According to the Idaho Potato Commission’s website, about 13 billion pounds of potatoes are pulled from dirt in the Gem State and that means local growers need all the help they can get.

The fields of southeastern Idaho are right where the potato harvest begins.

“Potato harvest means a break from school and being able to earn real-life experience and be able to earn money and be able to get used to the challenges that come later in life,” says Tyler Moser, a junior at Aberdeen High School.

Moser is taking advantage of the two-week break he gets from school to work potato harvest.  One of his jobs is sorting through potatoes as they roll through the conveyer belt. He picks out rocks, dirt clods, vines and rotten potatoes.

“Because if they get in the cellar, usually the rotten potatoes will spread and it will infect other potatoes in the area, and if rocks get in they could fall of the piler and split open potatoes, and we only want the best potatoes in the cellar to be able to be sold,” says Moser.

Kim Wahlen owns Wahlen Farms. He has been farming for 35 years and says he grew up having a love for potatoes. He says it’s a complicated and lengthy process to bring in the potatoes from the field.

“Potato harvest takes a lot of detail,” says Wahlen. “I think the average person doesn’t know what all goes into harvesting a potato crop because you have to know a little about a lot of things.”

Wahlen says the harvest is a culmination of what they work for all year.

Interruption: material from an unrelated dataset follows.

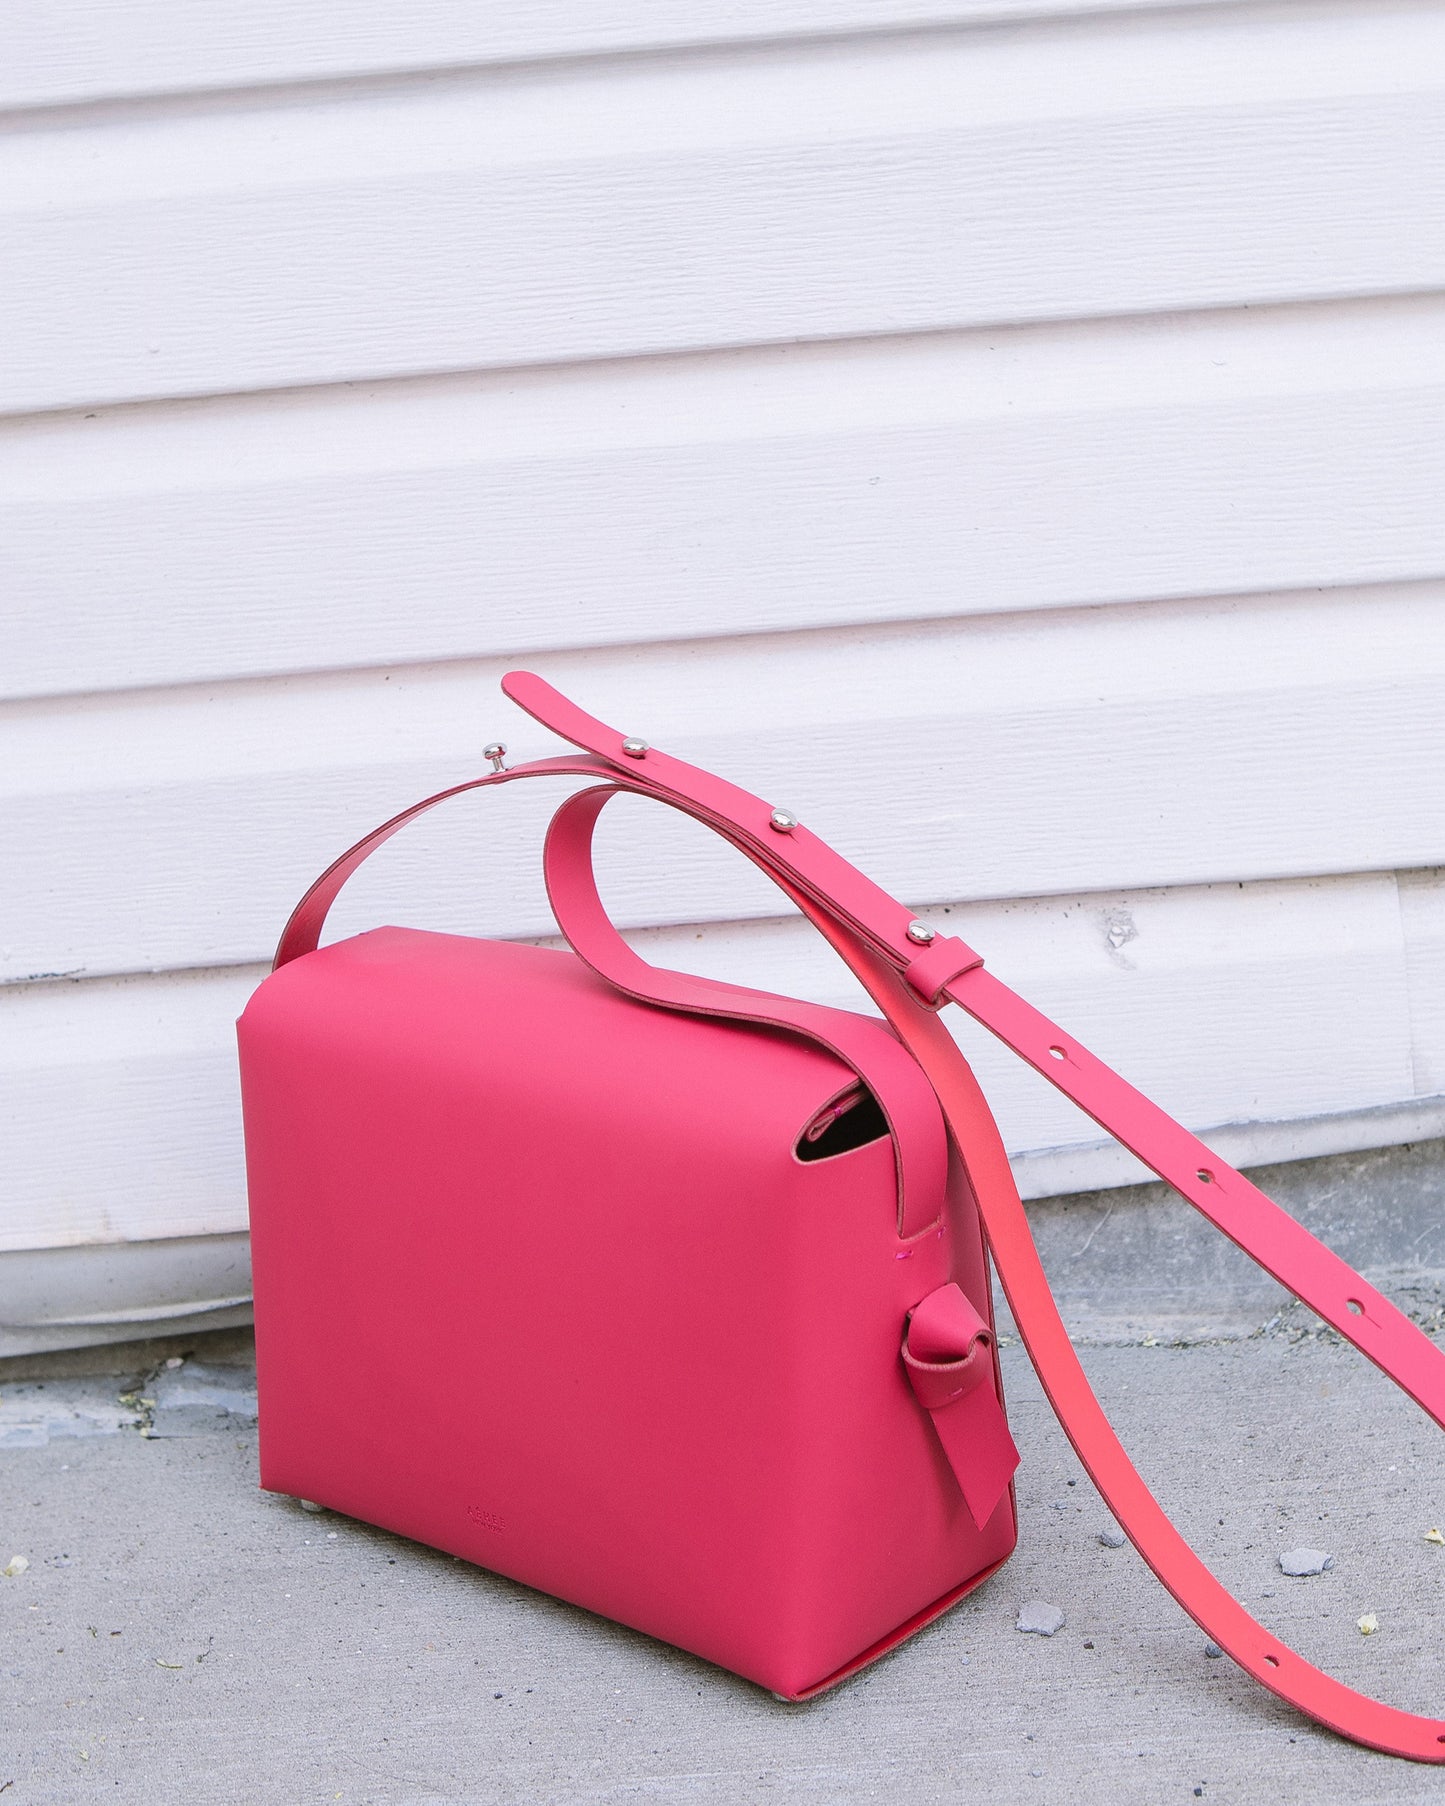 Chic red crossbody bag and shoulder bag with adjustable strap crafted from Italian vegetable tanned leather for a minimal yet sophisticated look.

“Everything we do in the winter and the spring and the summer is to have a good harvest,” says Wahlen. “Then we have about a three-week span to harvest it in and there is a lot of pressure and time is a big deal.”

Wahlen says they employ about 85 workers during harvest, 10 of whom are school kids.

The harvest break for Aberdeen students runs about two weeks, and they are scheduled to head back to class Oct. 7.